Global Contact-Rich Planning with Sparsity-Rich Semidefinite Relaxations

Abstract: We show that contact-rich motion planning is also sparsity-rich when viewed as polynomial optimization (POP). We can exploit not only the correlative and term sparsity patterns that are general to all POPs, but also specialized sparsity patterns from the robot kinematic structure and the separability of contact modes. Such sparsity enables the design of high-order but sparse semidefinite programming (SDPs) relaxations--building upon Lasserre's moment and sums of squares hierarchy--that (i) can be solved in seconds by off-the-shelf SDP solvers, and (ii) compute near globally optimal solutions to the nonconvex contact-rich planning problems with small certified suboptimality. Through extensive experiments both in simulation (Push Bot, Push Box, Push Box with Obstacles, and Planar Hand) and real world (Push T), we demonstrate the power of using convex SDP relaxations to generate global contact-rich motion plans. As a contribution of independent interest, we release the Sparse Polynomial Optimization Toolbox (SPOT)--implemented in C++ with interfaces to both Python and Matlab--that automates sparsity exploitation for robotics and beyond.
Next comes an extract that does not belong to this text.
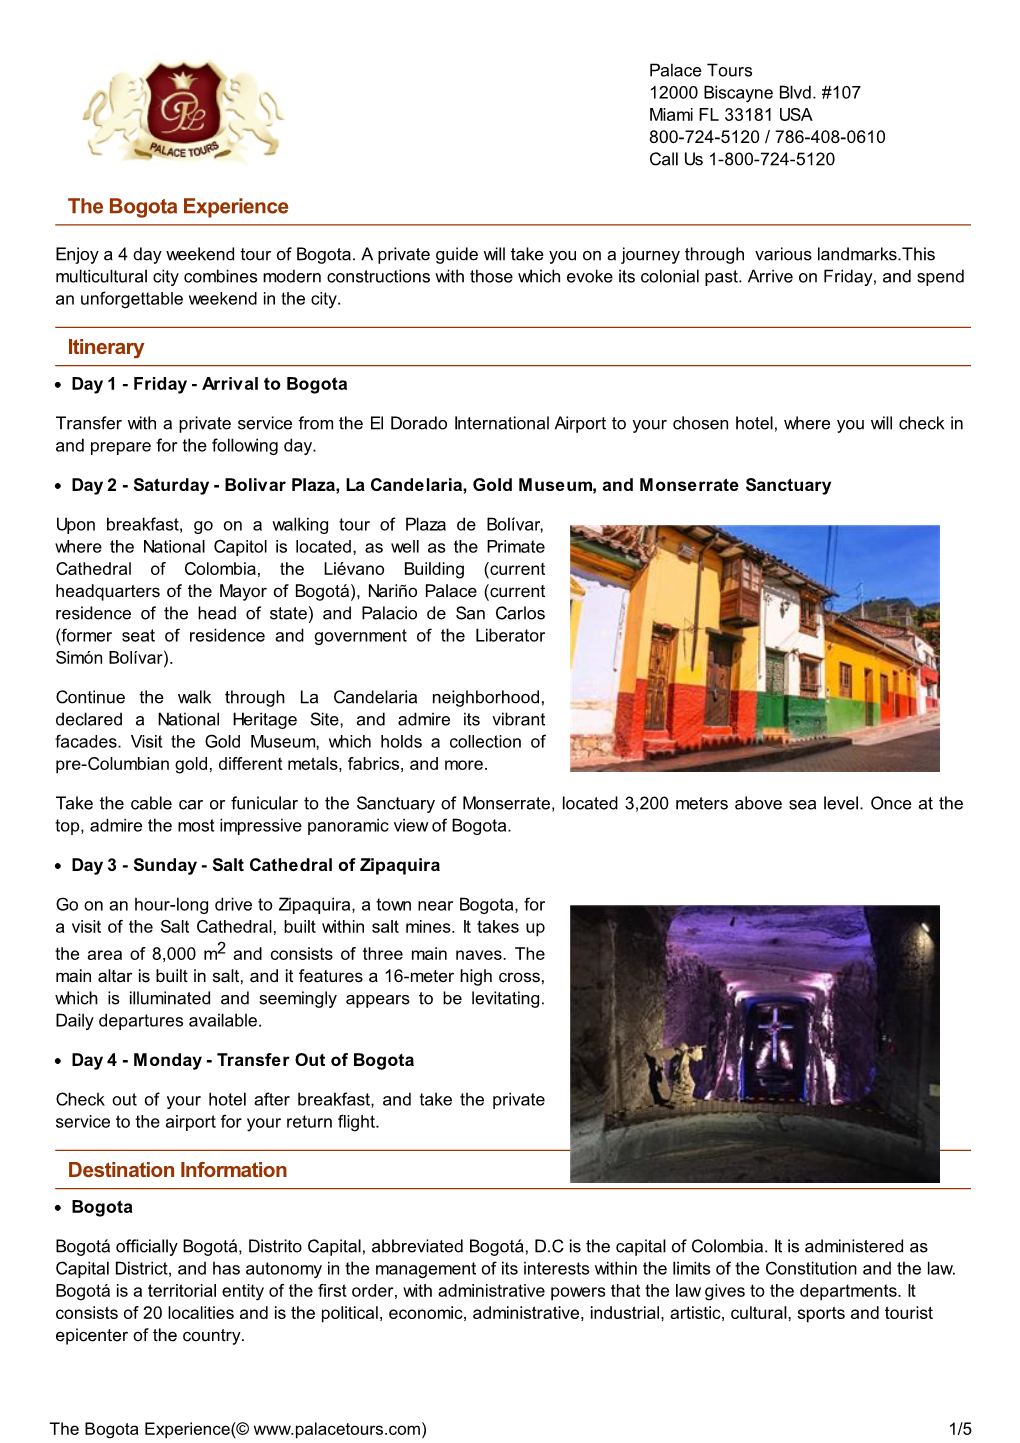 The Bogota Experience Itinerary Destination Information

• The paper transforms contact-rich planning into sparse polynomial optimization problems solvable via efficient semidefinite relaxations.
• A novel Sparse Polynomial Optimization Toolbox (Spot) is introduced to exploit sparsity and achieve near-global optimal solutions with certified suboptimality gaps.
• The proposed methodology is validated through extensive simulations and real-world experiments, demonstrating its efficiency in solving complex planning problems to near-global optimality.

Overview of Global Contact-Rich Planning with Sparsity-Rich Semidefinite Relaxations

This paper presents a sophisticated approach to the challenge of contact-rich motion planning in robotics through the innovative use of sparsity-rich semidefinite relaxations. It rigorously demonstrates how contact-rich planning problems transform into polynomial optimization problems (POPs) exhibiting significant sparsity that can be exploited to enhance computational efficiency and solution accuracy.

Core Contributions

This work leverages two types of sparsity: correlative sparsity and term sparsity, both particularly valuable in the context of semidefinite programming (SDP) relaxations. The authors introduce a novel Sparse Polynomial Optimization Toolbox (Spot), providing a means to exploit these sparsity patterns effectively, leading to substantial improvements over general-purpose SDP solvers.

1. Exploitation of Sparsity Patterns: The paper details the identification and utilization of correlative and term sparsity patterns found within POPs arising from the kinematic structures of robots and separability of contact modes. By doing so, it is possible to derive high-order but computationally efficient SDP relaxations.
2. Robust SDP Implementations: The Spot toolbox is designed to handle the inherently complex nature of contact-rich environments in robotics, automating the process of identifying sparsity patterns and applying them to yield near globally optimal solutions with certified small suboptimality gaps.
3. Extensive Evaluation: Simulation and real-world experiments validate the proposed methodology. The performance is assessed in tasks such as Push Bot, Push Box, and Planar Hand, revealing that the approach can solve complex planning problems to near-global optimality efficiently.
4. Minimizer Extraction: The research enhances the robustness of solution extraction from SDP relaxations using the Gelfand-Naimark-Segal (GNS) construction, ensuring reliable plan execution even when relaxation tightness varies.

Implications and Future Directions

The implications of this research are profound for both theoretical development and practical applications in robotics. By reformulating complex contact planning as POPs and effectively addressing the nonconvex nature of resulting optimization problems, the research advances the capabilities of automated planning systems. Additionally, the release of the Spot toolbox paves the way for broader application across various robotics contexts, potentially improving the efficiency and reliability of automated robotic systems in unstructured environments.

Future developments could focus on enhancing the scalability of this approach to accommodate even more intricate robotic tasks, such as those involving higher-dimensional state spaces or more complex contact geometries. Moreover, integrating machine learning techniques for better initial guesses of feasible solutions could further optimize the planning process.

In sum, this research represents a crucial step forward in leveraging computational techniques to solve enduring challenges in robotic motion planning, providing a robust framework for further innovation in the field.